The latest opinion polls indicate that more than 10 per cent of eligible Greek voters remain undecided ahead of the May 21 general elections.
Dimitris Mavros, managing director at research firm MRB Hellas, told national radio ERT that he could not recall such a high percentage of undecided voters only days before the elections since 1986.
In a recent MRB poll, 63.9 per cent of the undecided respondents said they would likely abstain, 50.8 per cent said they felt disappointed and 44.4 per cent said they were angry at the political system.
High cost of living (37.9 per cent), healthcare system (33.3 per cent), lack of transparency (18.9 per cent) and high unemployment rate (16.1 per cent) are their biggest concerns, Xinhua news agency reported.
Georgia, a pensioner, is a disappointed, undecided voter. "We will vote, but at the end of the day, no one has convinced us," she told Xinhua.
Greek political parties are vying for their support as the undecided voters may have a decisive say.

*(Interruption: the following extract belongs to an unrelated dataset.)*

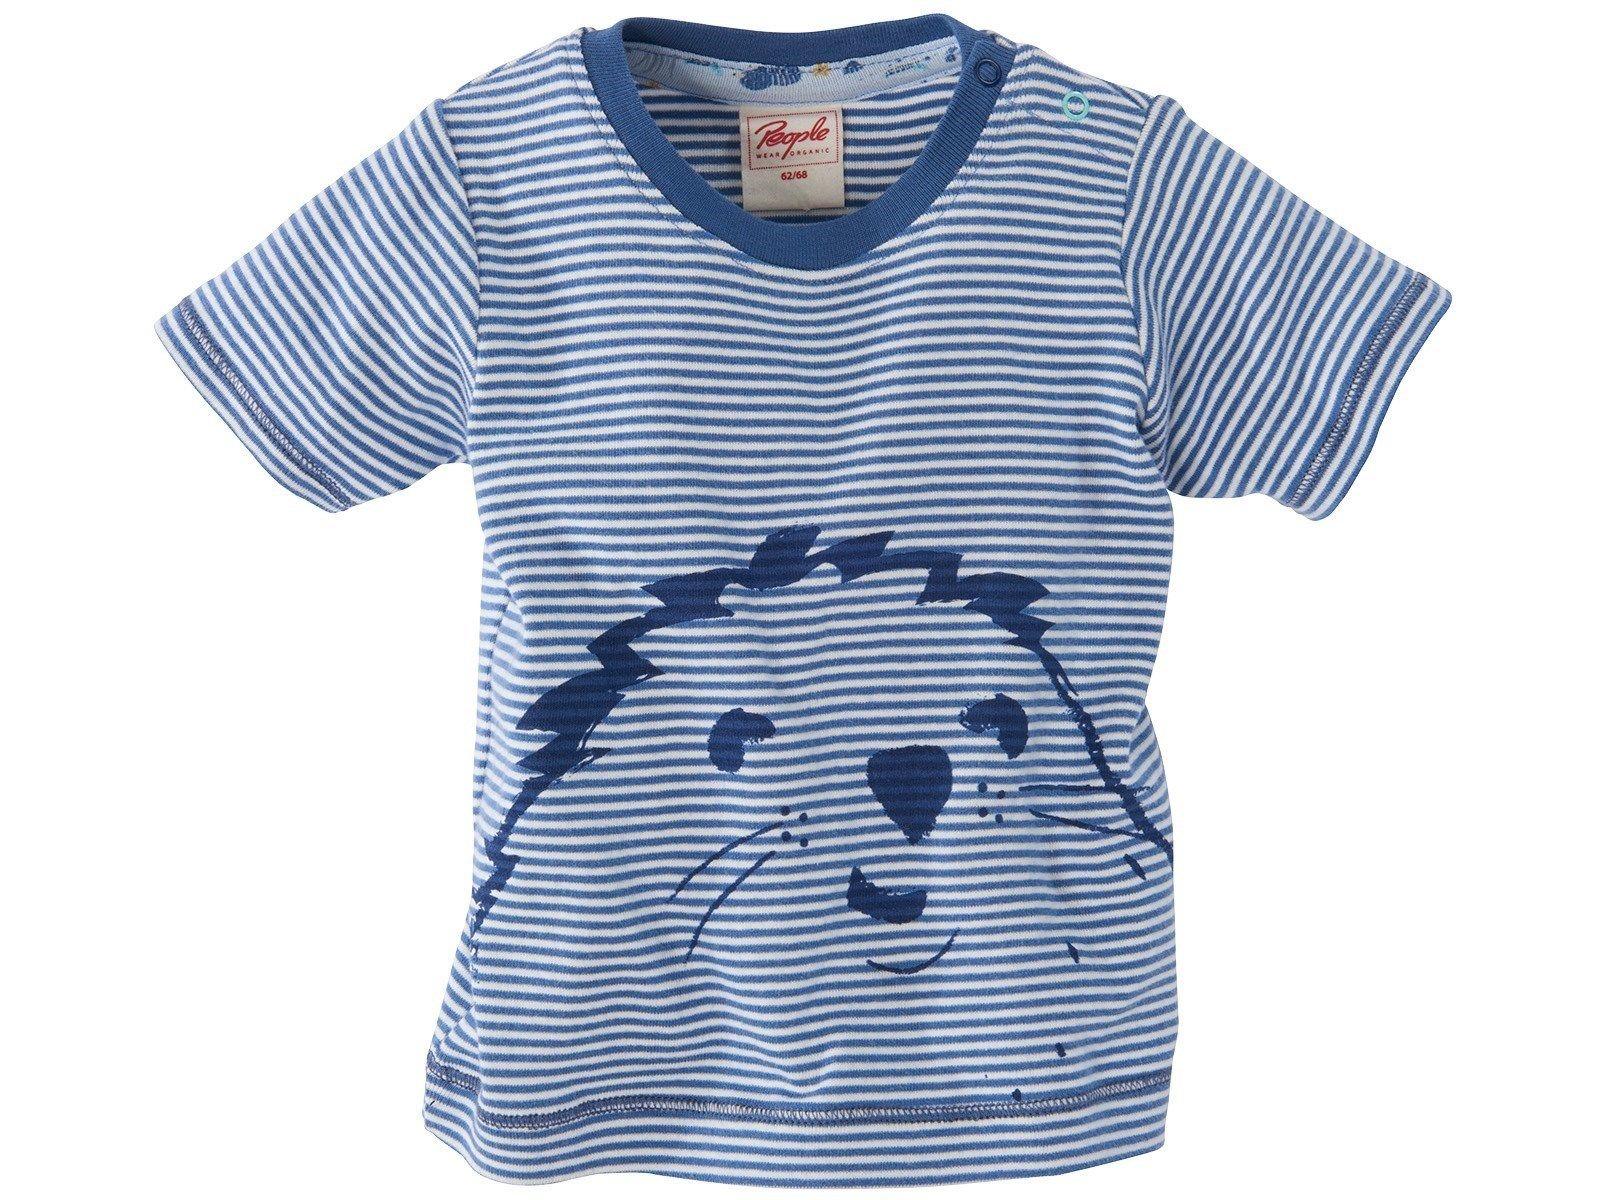 Baby Und Kinder T Shirt Maulwurf Blau Geringelt Von People Wear Organic Gr 62 68 Kinder Kleidung Shirts Kinder T Shirt

In its bid to reach out to the undecided, the government is promoting a positive narrative of what it has achieved so far and what it aims to do over the next four years if re-elected, a government source told the daily Kathimerini.
While the ruling party focuses on the economy, the SYRIZA-Progressive Alliance, which also targets the undecided from the centre, has been emphasising their plans to improve the governance of the state.
Pollsters predict a tight election because under the country's electoral system it will be difficult for any party to secure parliamentary majority on Sunday and the first ballot may turn out to be inconclusive.
If required, a second round will be held in early July at the latest, the government has said.